Ivory Coast
Index 2024
53/ 180
Score : 66.89
Political indicator
Economic indicator
Legislative indicator
Social indicator
Security indicator
Index 2023
54/ 180
Score : 68.83
Political indicator
Economic indicator
Legislative indicator
Social indicator
Security indicator

Côte d’Ivoire’s media landscape is among the most politicised and polarised in West Africa. Journalists are sometimes summoned for questioning by prosecutors, and some are subjected to physical or verbal attacks. It is not uncommon for newspapers to be suspended.

Media landscape

With at least 190 authorised stations, radio is the most popular medium. Most of the country’s approximately 100 newspapers and news sites have a strong political bias, which is signalled on newsstands by the colour of the publications: green for those that support the ruling party, and blue for those that support the opposition. The latter have been in decline in recent years, with the authorities suspending some and others closing because of financial difficulties. But Le Temps and La Voie originale are still published fairly regularly. In such a polarised media landscape, investigative journalism is a minor presence compared to “opinion journalism”. The arrival of the first privately owned TV channels in 2019 ended a more than 50-year monopoly of Radiodiffusion télévision ivoirienne (RTI). The country now has three private TV channels, all owned by supporters of the ruling party. 

Political context

Press freedom is still closely tied to the political environment.

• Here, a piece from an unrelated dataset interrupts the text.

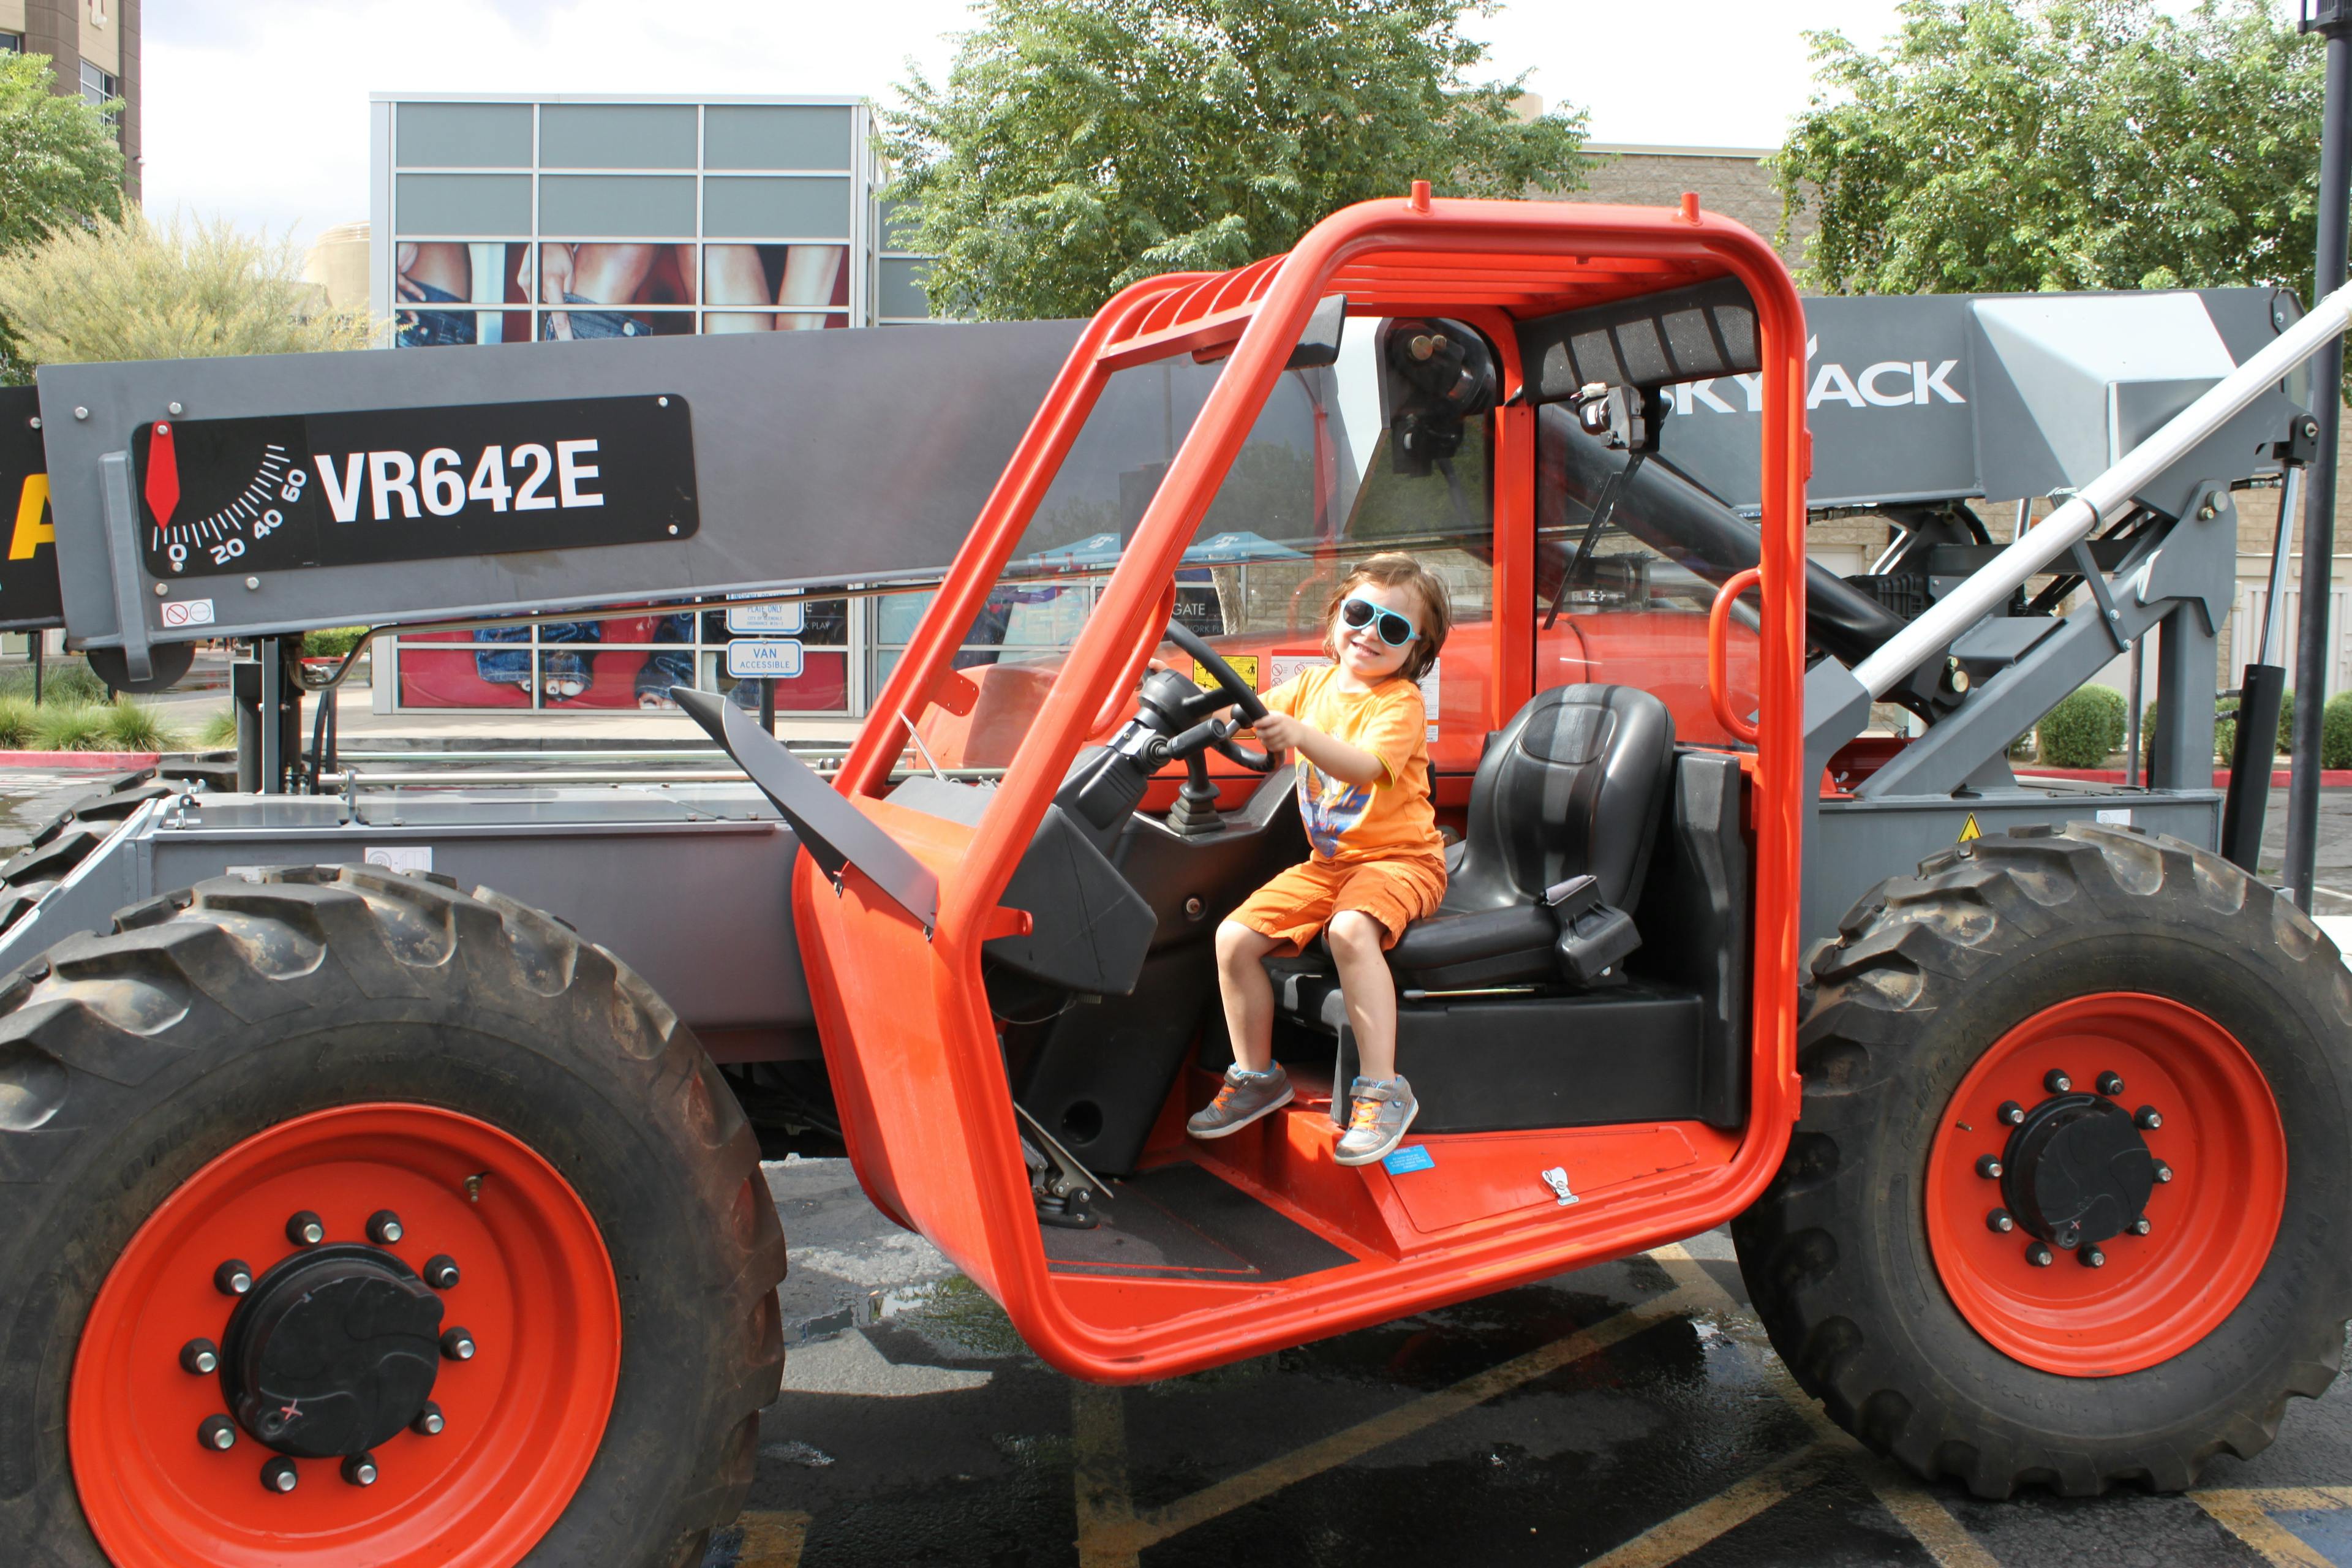 Skyjack Brings the Fun to Touch a Truck Event in Arizona | Industry News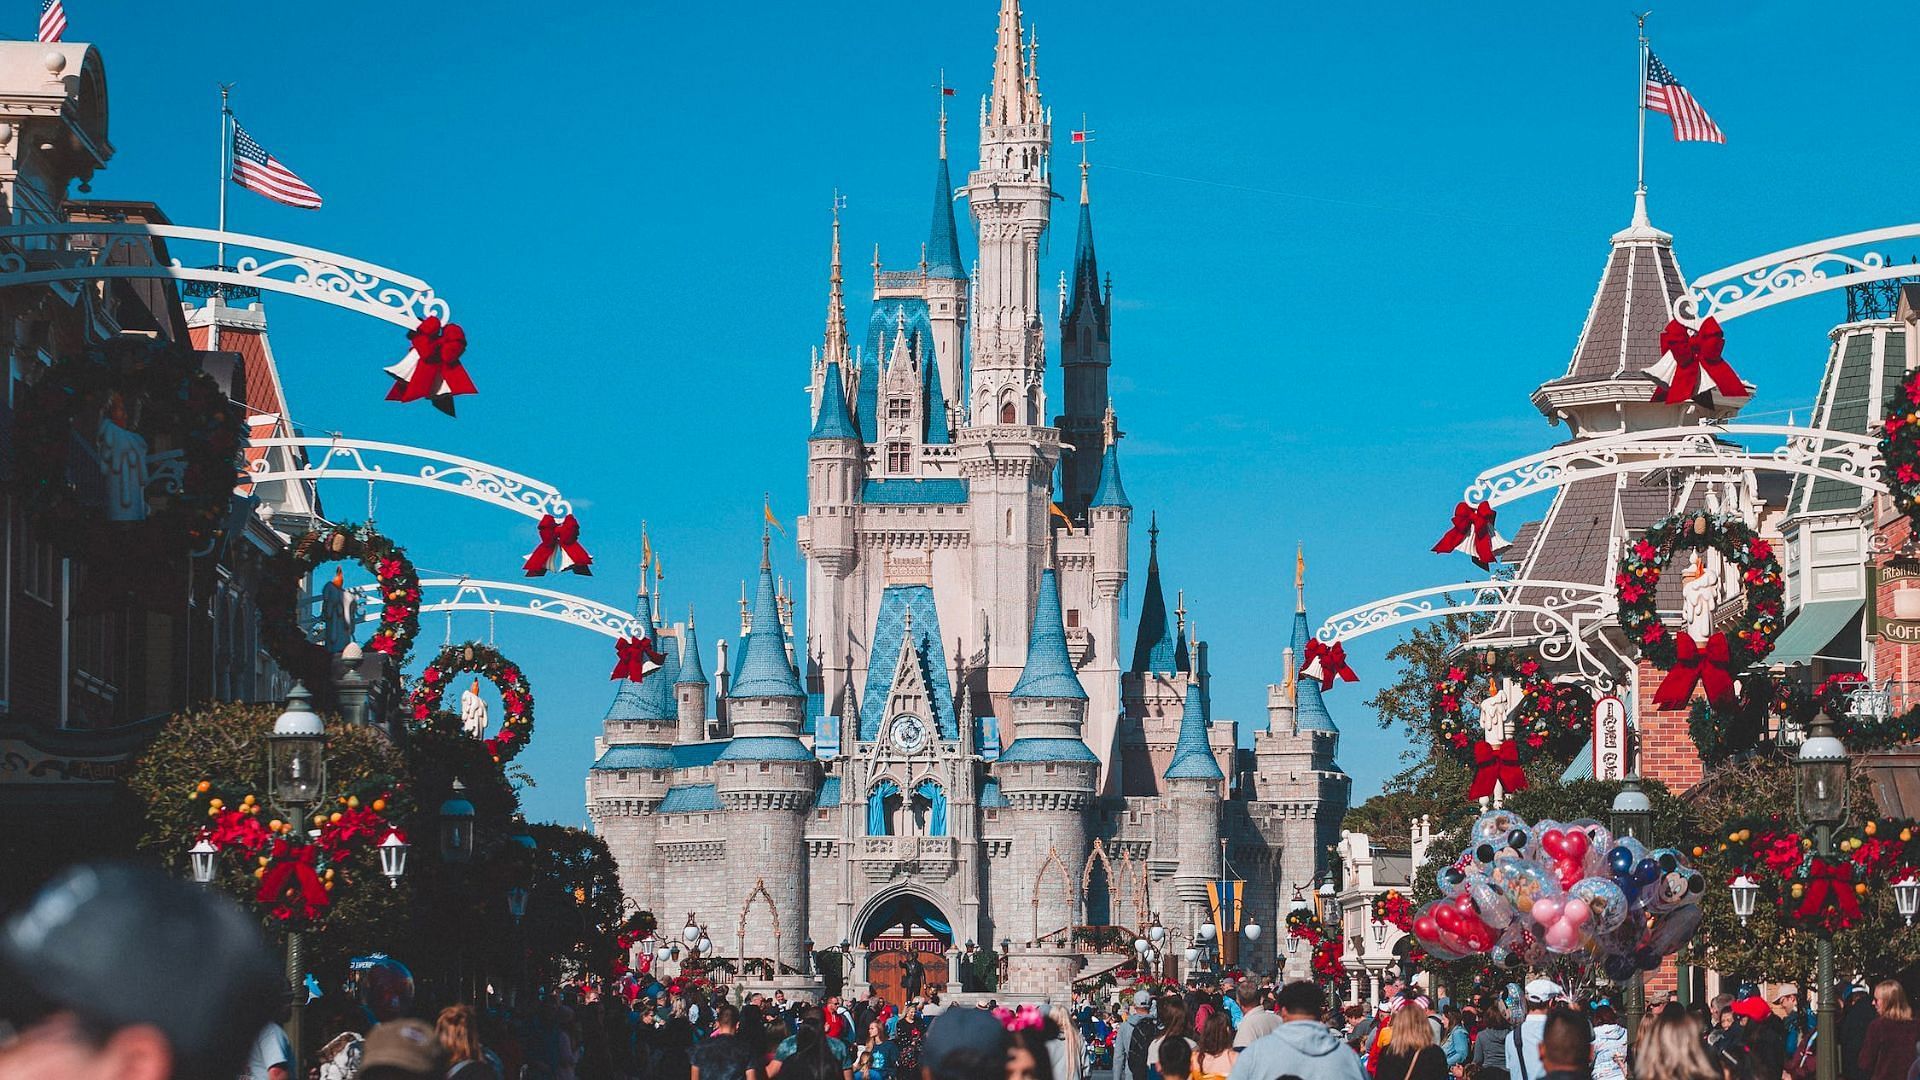 The newest offerings at Walt Disney World include slightly higher ticket prices (Image via Craig Adderley on Pexels)

Some political parties and leaders still exert considerable influence on the media. RTI, the state-owned broadcaster, continues to act as the public relations branch of the government and president.

Legal framework

The law does not contain any provisions for imprisonment in the event of press offences, but it is still a crime to insult the president. The constitution guarantees freedom of expression, and the 2017 press law protects journalists’ sources. Print and online media are regulated by the National Press Authority (ANP), and radio and television by the High Authority for Audiovisual Communication (HACA). The ANP can suspend the publication of a newspaper and impose a three-month publication ban, as was the case several times in 2023. 

Economic context

Newspaper sales are down and editorial staff are shrinking. Some national dailies that had a circulation of tens of thousands of copies 20 years ago now rarely sell more than 2,000 a day. In 2021, the investigative weekly L’Eléphant dechaîné announced that it was terminating its print edition to become an online newspaper. Privately owned TV channels rely on advertising for their survival but the advertising market was valued at 15 to 18 million euros in 2021, which media professionals say is insufficient. 

Sociocultural context

For cultural reasons, the Ivorian media do not openly address sexual orientation issues.


Investigative reporters are often the target of corruption, intimidation, and arrests, and their newsrooms may be subject to attacks. Many journalists face security problems in connection with their work, from both political party activists and law enforcement.